C Eloy 1,2,, P Seegers 3, E Bazyleva 4, F Fraggetta 5
PMCID: PMC12836701  PMID: 41647787

Abstract

Many years have passed since the pathology report was all about a single-sentence diagnosis based on morphology. The pathology report is an invaluable source of data that needs to evolve from a narrative reporting to a synoptic reporting system by standardizing data elements to ensure consistency and structured formats that improve completeness, interoperability, and scalability across different health care systems. The convergence of technology, structured data, and artificial intelligence propels the field of pathology toward a future where the synthesis of information benefits not only health care professionals and patients but also serves as a wellspring of knowledge for machines, paving the way for unprecedented strides in data mining and health care innovation.

Key words: digital pathology, digital transformation, pathology report, computational pathology, synoptic reporting

Highlights

  • Pathology reports condense increasingly multiple source information.

  • The amount of information may turn a pathology report into a confusing document.

  • Technology is supporting the organization of data into synoptic reports.

  • Artificial intelligence contributes to organizing data for the benefit of patient care.


Many years have passed since the pathology report was all about a single-sentence diagnosis based on morphology. The growing body of knowledge on each disease turned the pattern recognition activity without an integrated clinical and immunohistochemical/molecular context into an infertile diagnosis exercise, far from the precision medicine aimed at nowadays. The complex armamentarium for disease characterization that is now available to the modern pathologist also provides powerful inputs on evaluating prognosis and predictive markers that computational tools may even augment. The results emanating from all these sources must be organized, integrated, and rapidly managed in a readable, reproducible, and meaningful report. The challenge of reporting under these conditions requires training, knowledge of pitfalls and analytic issues, as well as a relative resistance to stressing elements.

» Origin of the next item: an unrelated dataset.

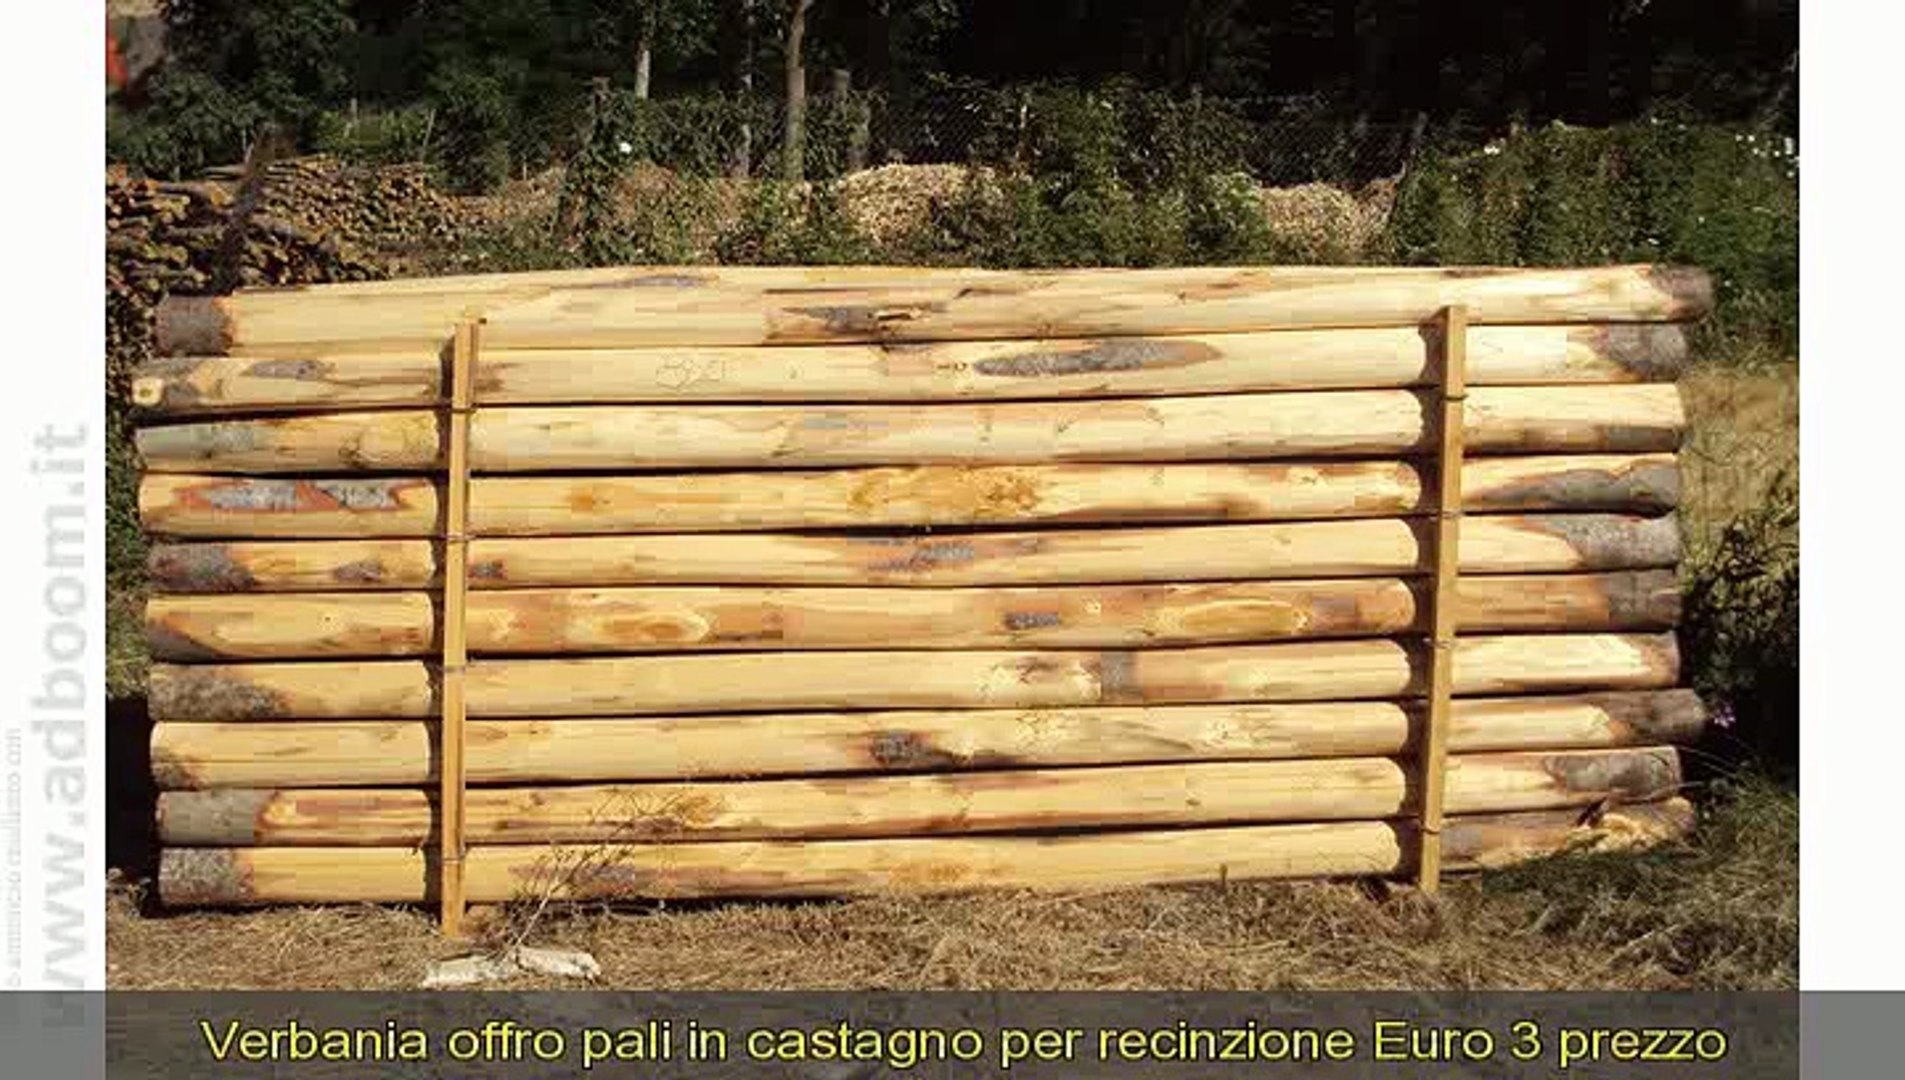 VERBANIA, PALI IN CASTAGNO PER RECINZIONE EURO 3 - Video Dailymotion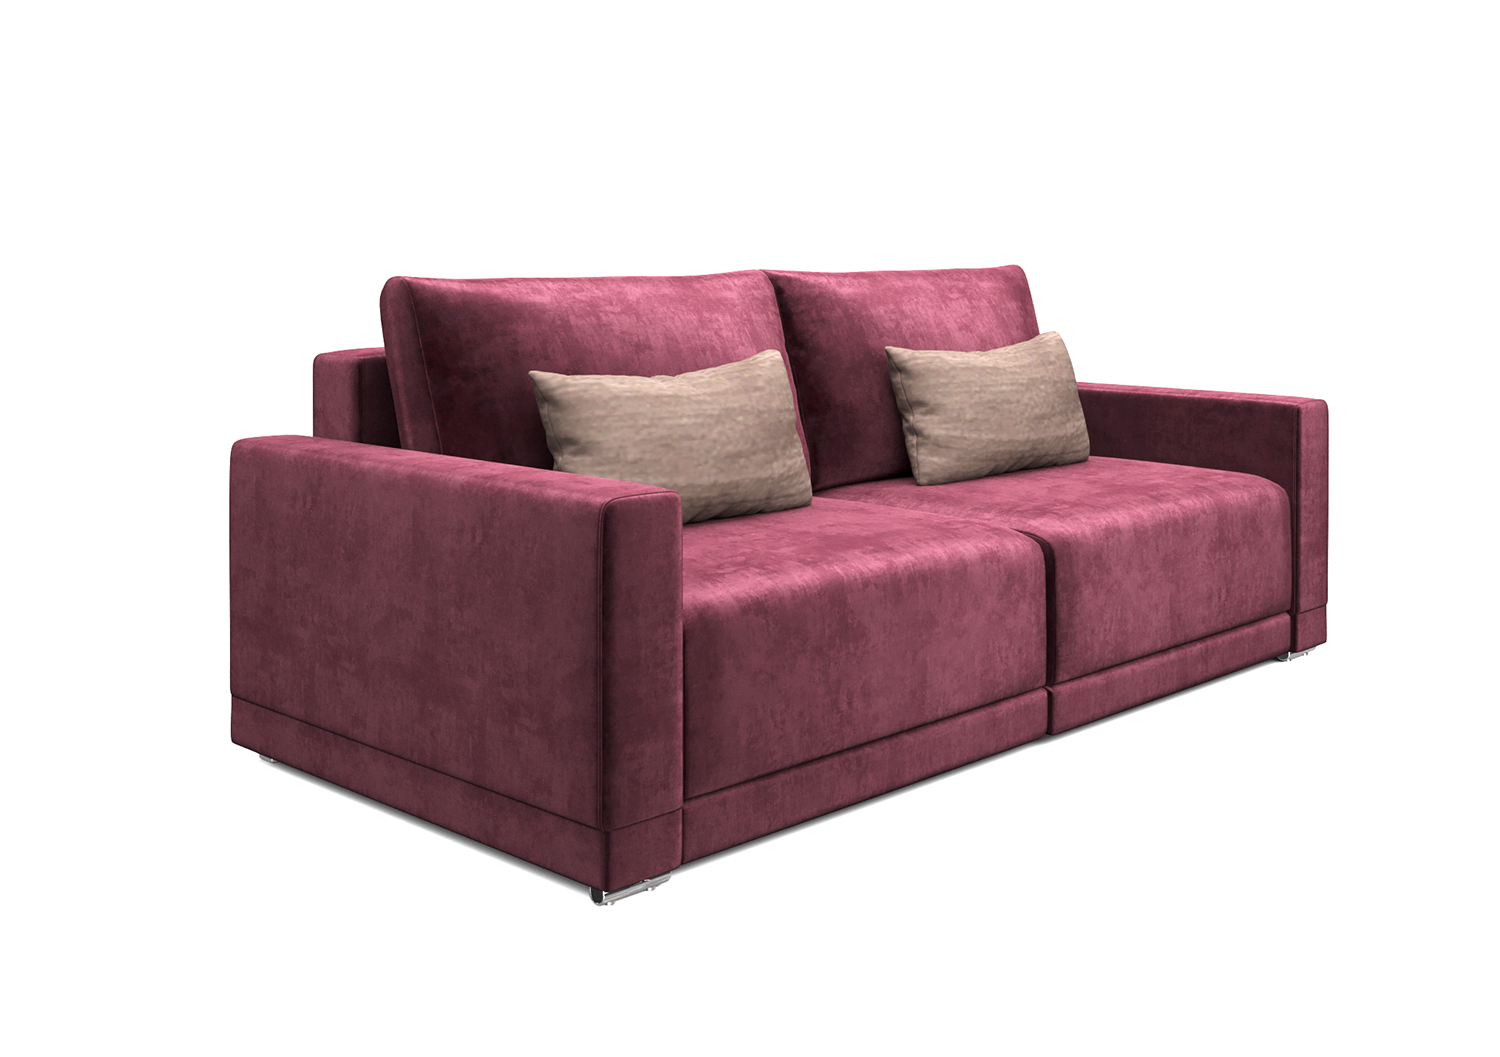 Мартин, прямой диван, Marseille burgundy ткань Шенилл цвет Бордовый механизм трансформации Еврокнижка

The pathology report is an invaluable source of data that needs to evolve from a narrative reporting to a synoptic reporting system by standardizing data elements to ensure consistency and structured formats that improve completeness, interoperability, and scalability across different health care systems.1 The adequacy of the synoptic reporting is easily observed during multidisciplinary oncology meetings, transforming the analysis of the pathology report into an efficient and more accurate exercise that contributes to better-informed treatment decisions and consequent better patient outcomes.2

Today, pathologists are facing the challenge of translating a report with 1 million words into a reproducible and meaningful message, refining reporting methods and improving data-sharing standards, for the benefit of pathology pairs, clinicians, registrars, researchers, data scientists, quality control managers, and ultimately, patients.3,4 Although there are some attempts to standardize reporting, particularly in relation to cancer diagnosis, there is still room for imagination in the reporting of cytology and in the reporting of benign conditions. Coping with information overload can go over the limits in molecular pathology reporting due to the increasing volume of genomic data. Beyond standards in the interpretation and reporting of sequence variants in next-generation sequencing and whole genome sequencing, metadata, such as the quality and type of the specimen, combined with technical aspects, also contribute to the cumulative data to be reported.5,6 Questions on the reporting of molecular data with unproven clinical relevance or on conflicting pathologist–computer evaluation are also moot points still under discussion, that for now are generating extra data to include in the report as well. Studies suggest that formatting options such as column formats and shorter sentences contribute to better understanding and faster information retrieval, preventing overwhelming the users.7 In general, there is a need to compartmentalize information into subjects, separating the report about the sample from technical specifications, explanations, and disclaimers. The need to include in the report institutional data (name of the laboratory, management and responsibilities, quality control policy), technical specifications relevant to the exploitation of results/medico-legal purposes (description of the study, technical procedures, results of validation and performance tests, and others), and patient data in sufficient detail is also of paramount importance to avoid mislabelling while preserving confidentiality (Figure 1).

Figure 1.

Figure 1

Information management at the pathology report level.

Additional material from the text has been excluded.